The Ukrainian banking sector is going through tremendous changes. The National Bank’s efforts to clean up the industry, the recent nationalisation of PrivatBank and the merger of Ukrsotsbank and Alfa-Bank are only a few examples.

Tamara Savoshchenko, Chairwoman of the Management Board at Ukrsotsbank, and Roman Shpek, an advisor to the President of Alfa-Bank Ukraine and Head of the Independent Association of Ukrainian Banks, spoke to Andrew Wrobel about the bank’s merger and its impact on the market as well as the prospects for the banking sector in Ukraine.

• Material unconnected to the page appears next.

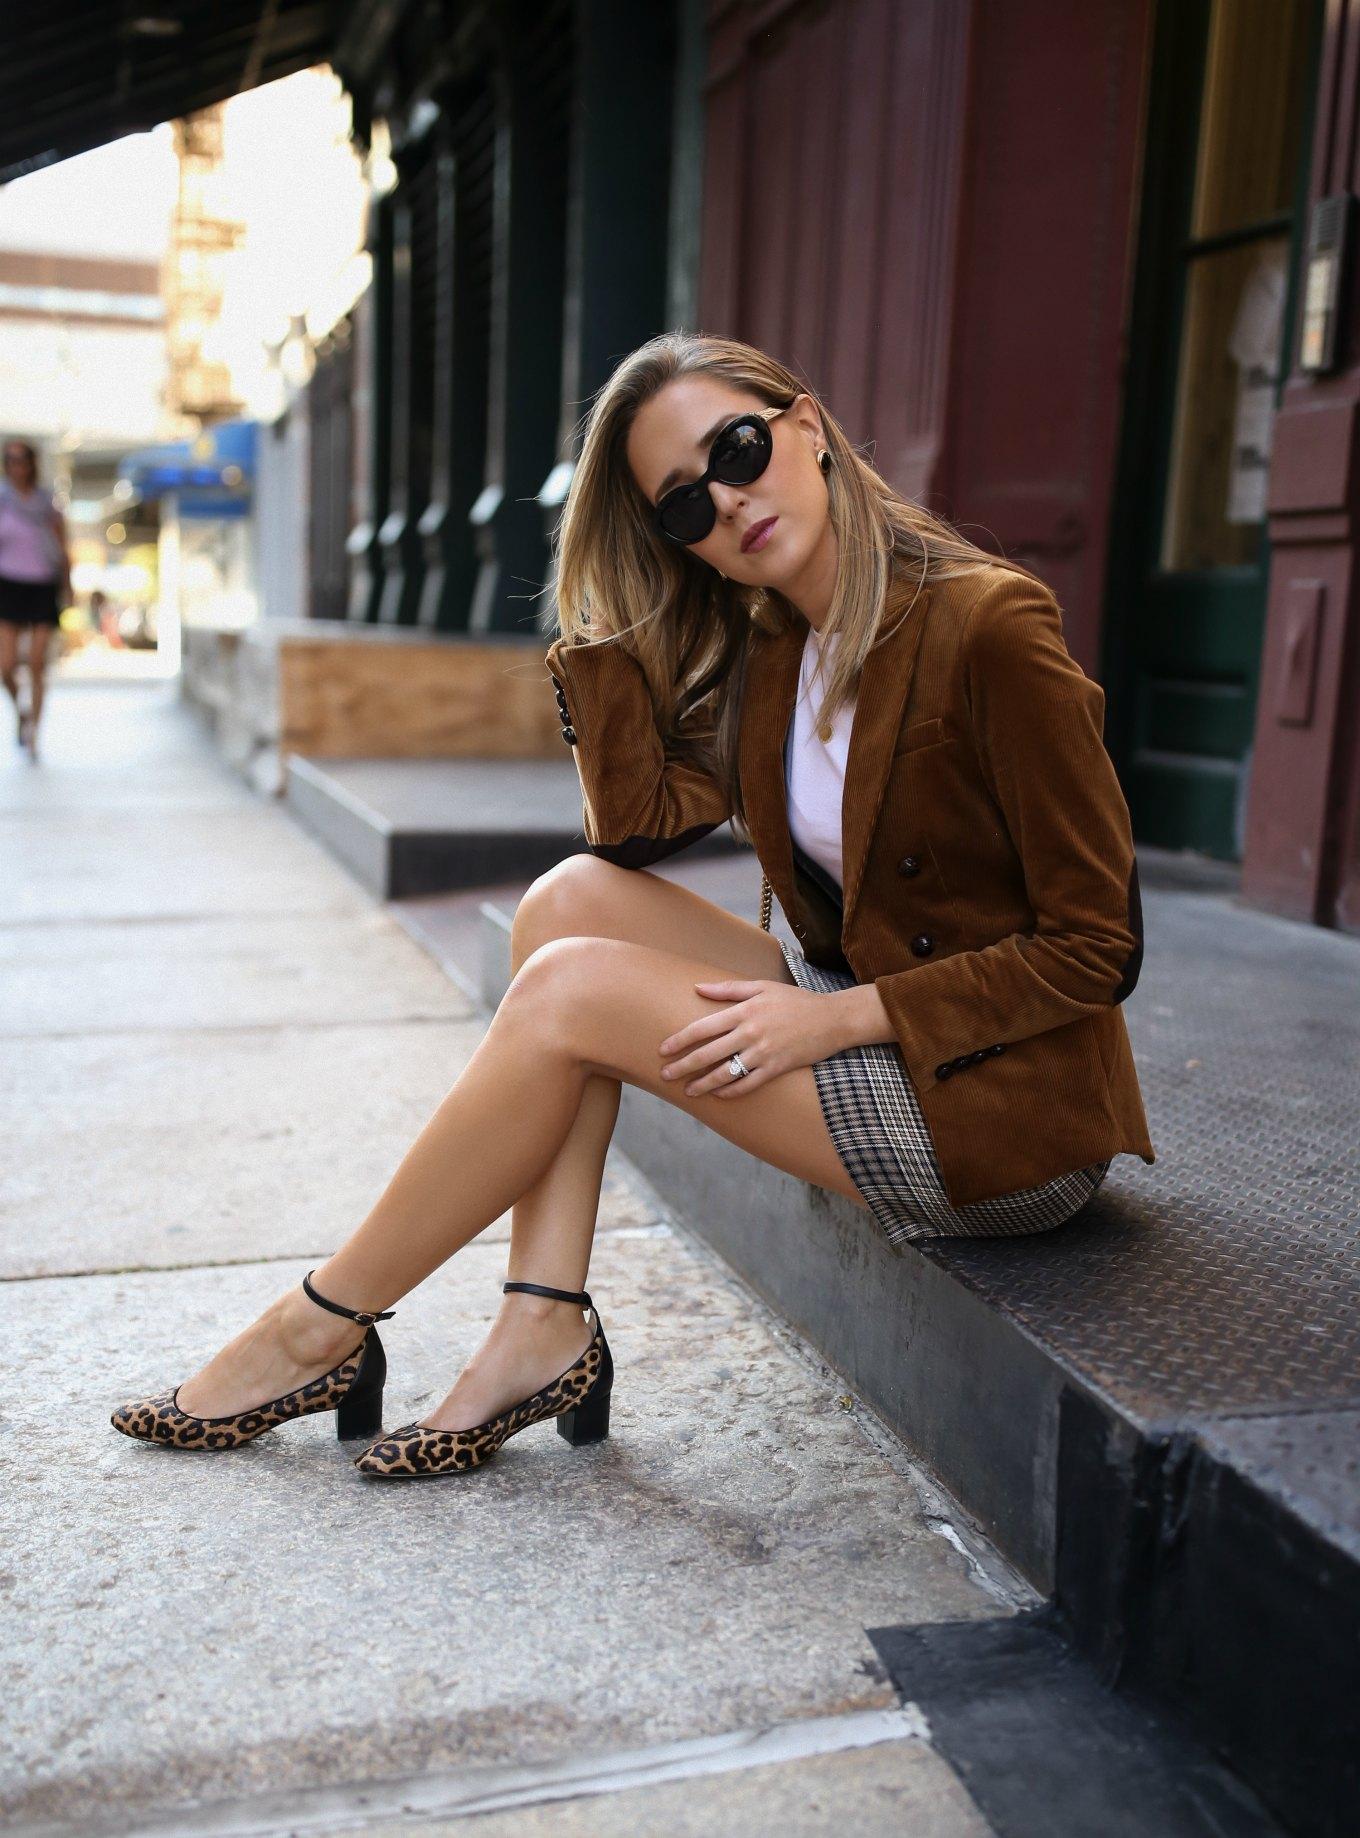 NYC fashion blogger Mary Orton of Memorandum wears a corduroy blazer, checked mini skirt, leopard print Sam Edelman ankle strap pumps and black cat eye sunglasses
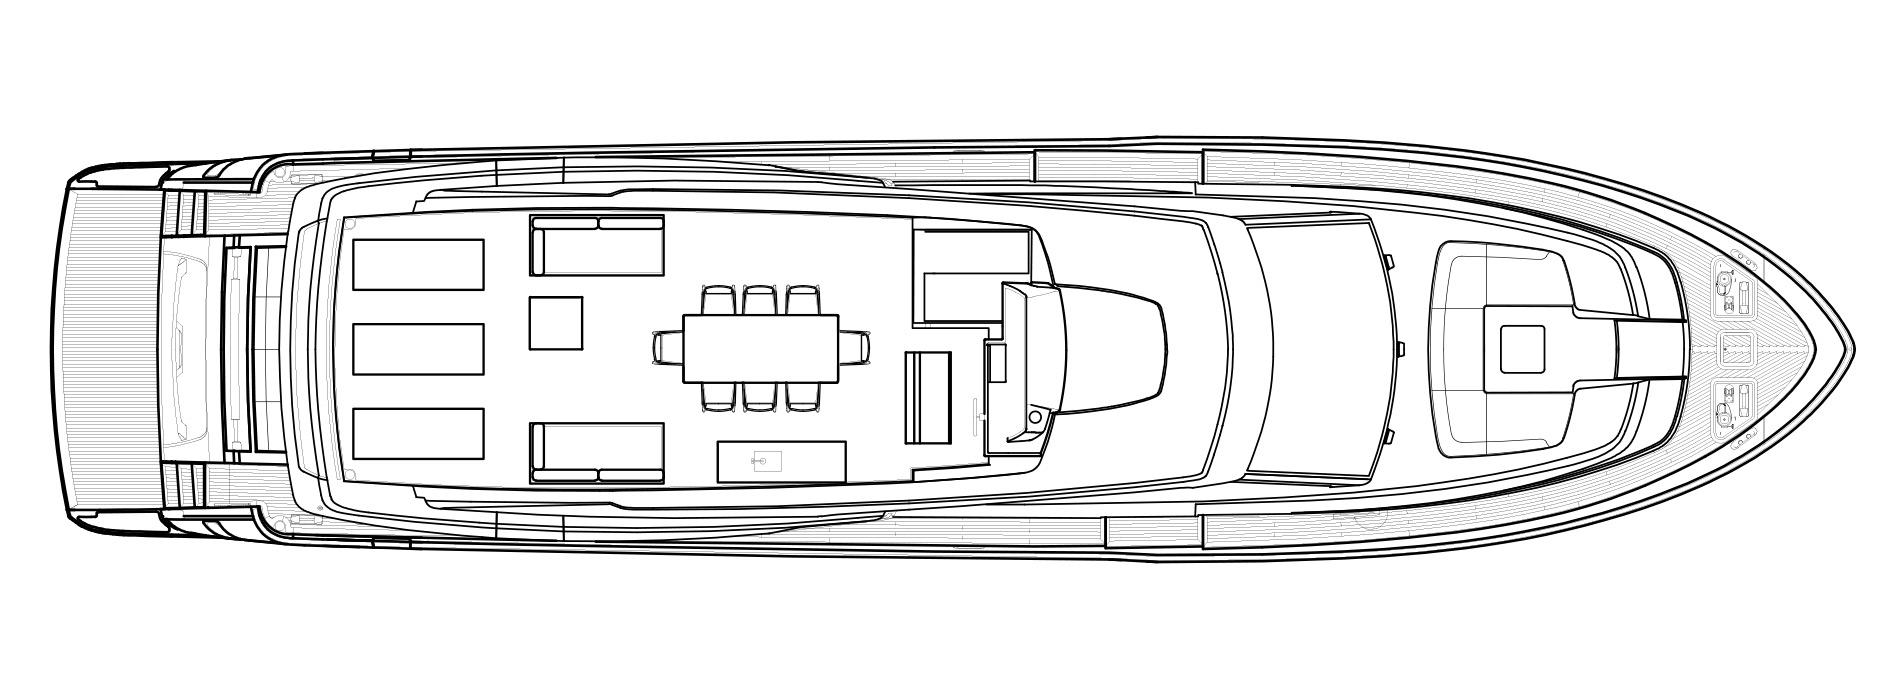 Sanlorenzo Yachts SL86/698 Флайбридж версия USA

Ukrsotsbank has been in the market since 1990, but its history is very much linked to Pekao and UniCredit, which means the bank has a background of international experience. How does this help the bank to operate?

Tamara Savoshchenko (courtesy of Ukrsotsbank)

Tamara Savoshchenko: It is true. Ukrsotsbank’s history spans back, practically to the USSR: We are one of the oldest banks in the country. In September 2017, we are going to celebrate the bank’s 27th anniversary, which is an unrivalled marker for the local market.

Needless to say, our ten years within one of the largest European banking groups has left us with a collection of experience, a rich corporate culture and the reputation of being a true international brand. The good thing is that now, as the deal with Alfa-Group is closed, we can combine the global experience of our two groups. The challenge in our hands now, is to take what’s best in the practices of UniCredit and Alfa and find a proper synergy to use as a cornerstone for building ourselves into a market leader, both in terms of size, technologies and quality of service.

Speaking about UniCredit; the bank was sold to ABH Holding at the end of October 2016. What will be the consequences of that transaction?

Roman Shpek: This deal was a milestone for the whole financial market of Ukraine and was dubbed “The Deal of the Year”. As you know, the deal prescribes that 99.9 per cent of Ukrsotsbank should be transferred from UniCredit Group to ABH Holdings S.A. (ABHH) in exchange for a minority 9.9 per cent stake in ABHH. Once it was completed, in October 2016, Ukrsotsbank announced the return of its historic brand.

Globally speaking, the deal will have a positive influence on the financial market and the economy in general, as noted by both the National Bank and the Anti-Monopoly Committee. I would also add that this deal was a much needed positive signal for international investors, demonstrating the possibility to do banking here and stimulating their desire to develop business in Ukraine. 

What is the bank’s current market share and how do you see that growing in the next year?

Tamara Savoshchenko: I would rather concentrate on the combined share of Ukrsotsbank and Alfa-Bank, for that’s the way we look at it. In terms of assets, we cover 7 per cent of the market, commanding a 17.5 per cent market share in terms of capital; we give 22.8 per cent of loans to individuals and 6.6 per cent of loans to legal entities. In terms of deposits we hold 7 per cent and 5.7 per cent of the market for individuals and legal entities, respectively.

We also have 4.3 per cent of the country’s POS terminals, having issued 5.1 per cent of all payment cards in the country. It is a very competitive share and we expect it to grow even further, because clients tend to migrate to stronger international banks that have the full support of their shareholders and no inherent political risks.

We are touching on the banking sector in Ukraine now. It has gone through significant changes recently, especially in December when the country’s biggest bank was nationalised. How do you see the changes from your bank’s perspective?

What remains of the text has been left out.